**EXERCISE PROMPT:**
From top to bottom, print the listing word for word and skip any pictures it contains.

**DATA PROVIDED:**
--- START ---

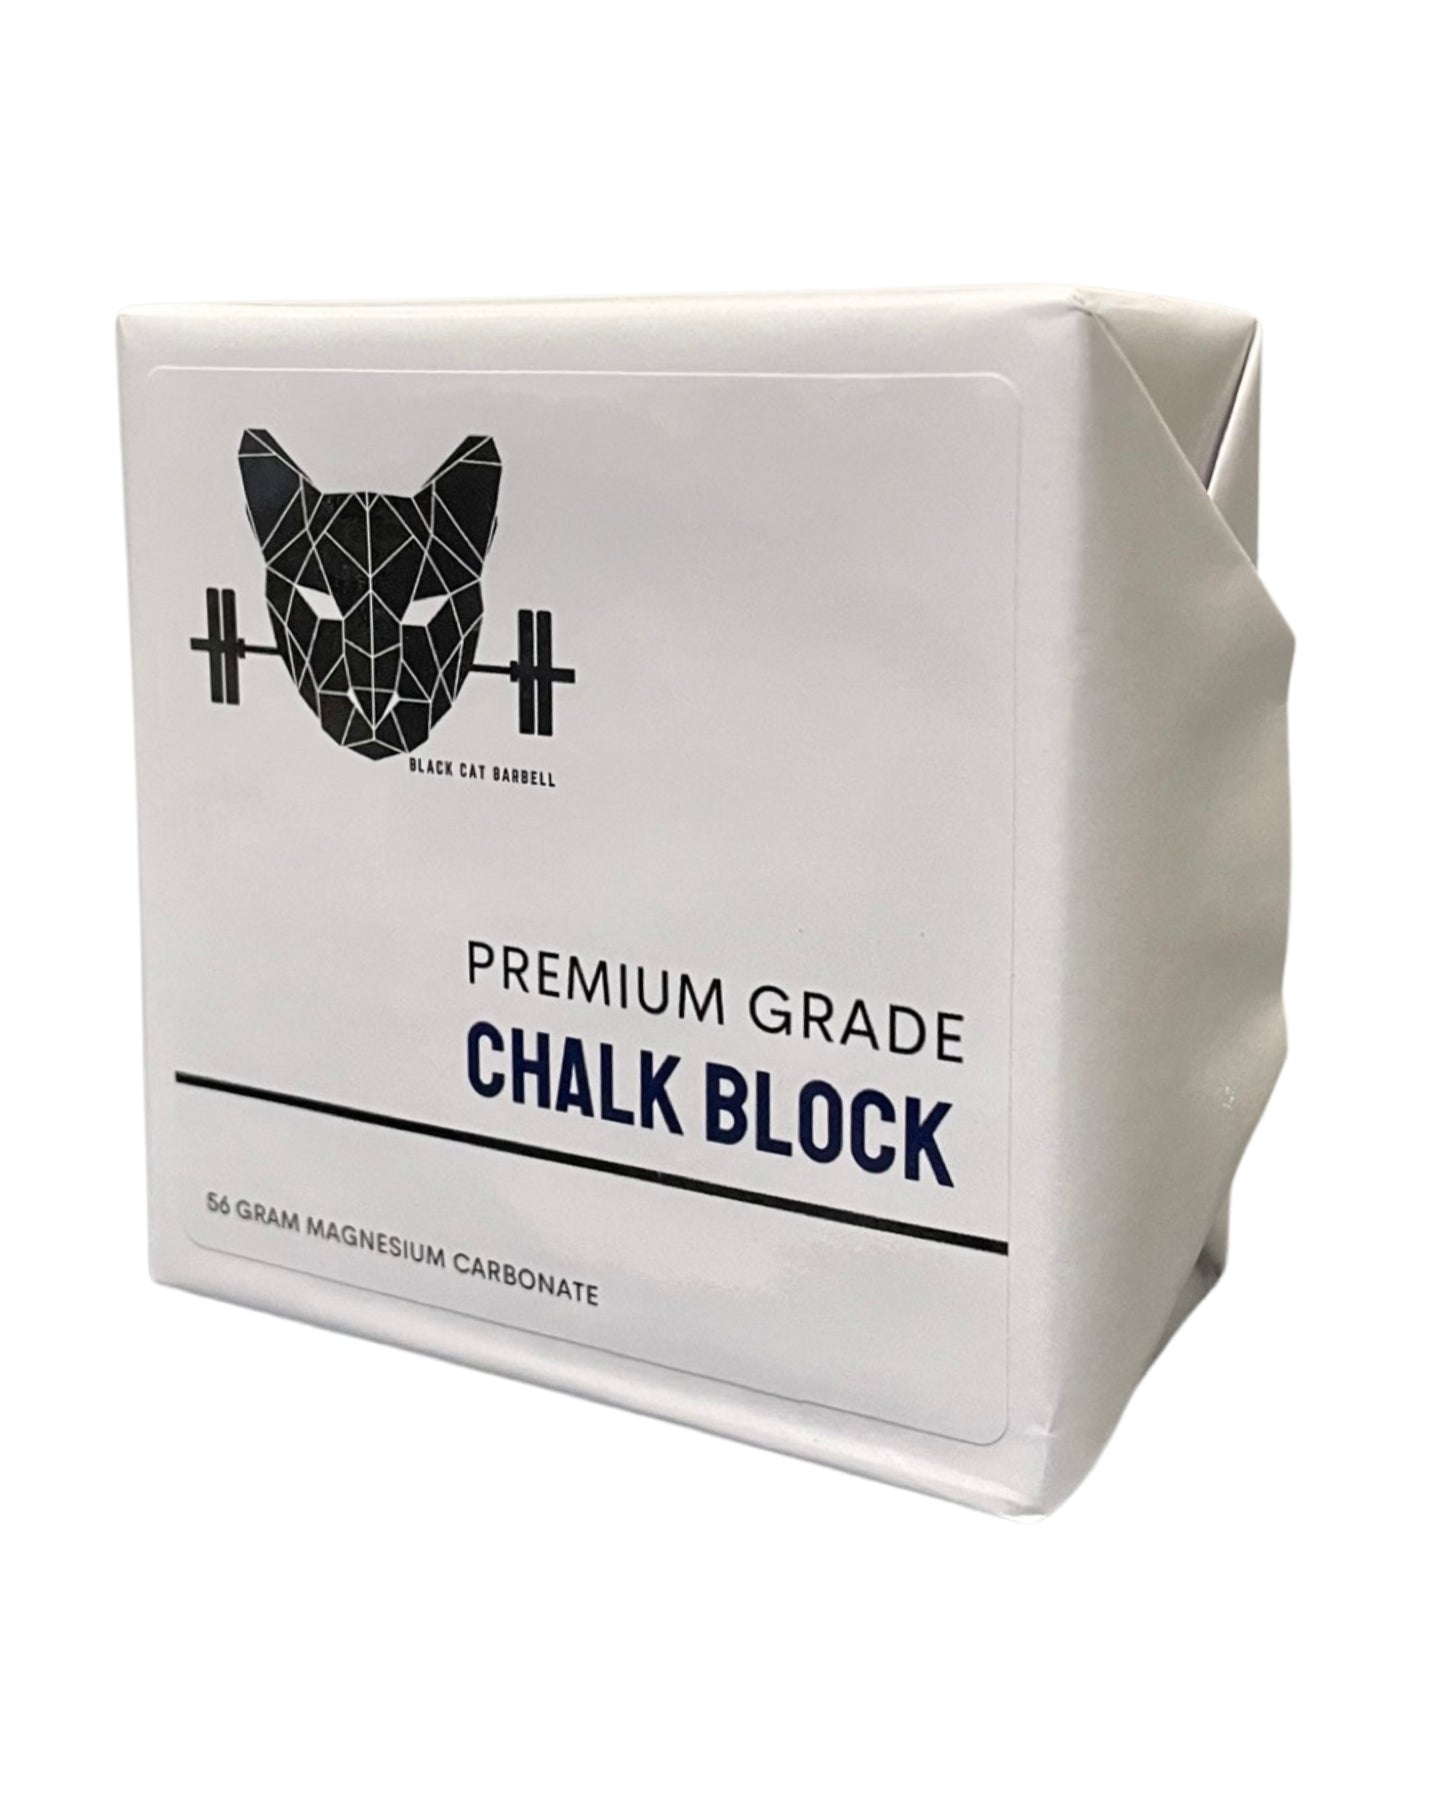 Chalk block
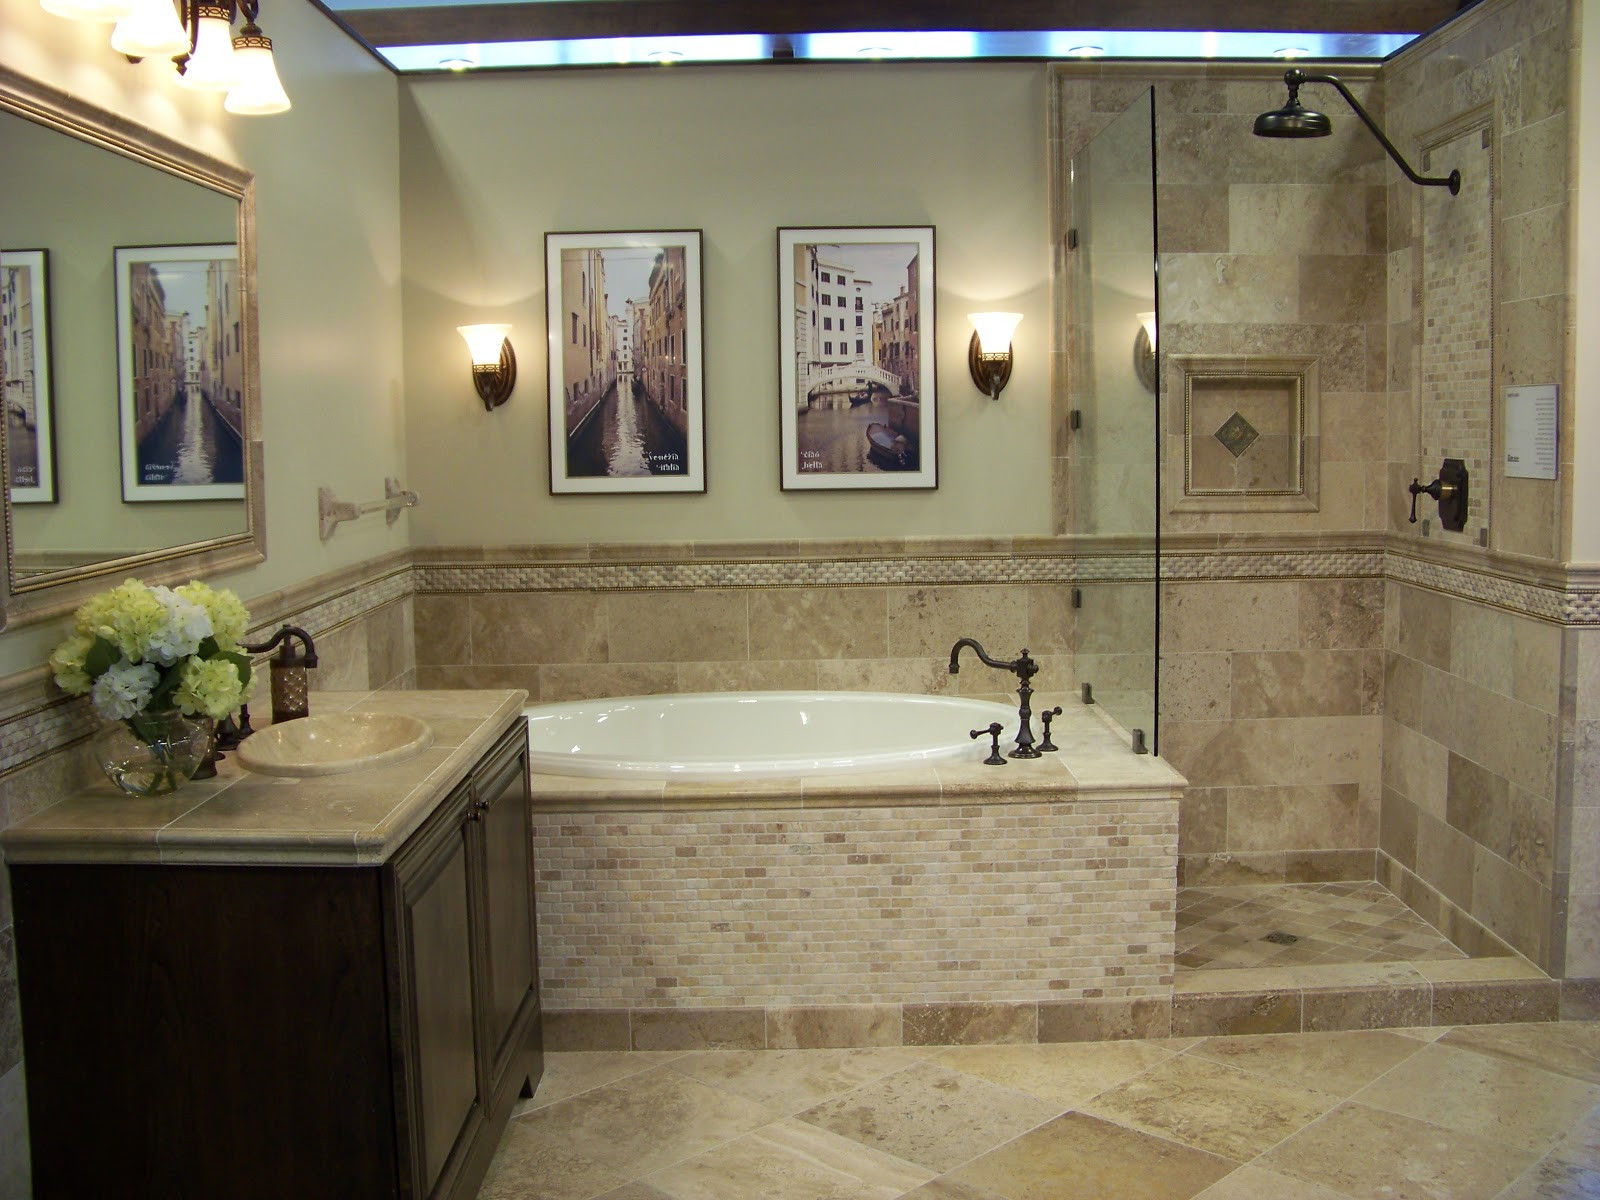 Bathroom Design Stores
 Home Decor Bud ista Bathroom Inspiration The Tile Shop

--- END ---

**RESPONSE BELOW:**
 Chalk block
 Bathroom Design Stores
 Home Decor Bud ista Bathroom Inspiration The Tile Shop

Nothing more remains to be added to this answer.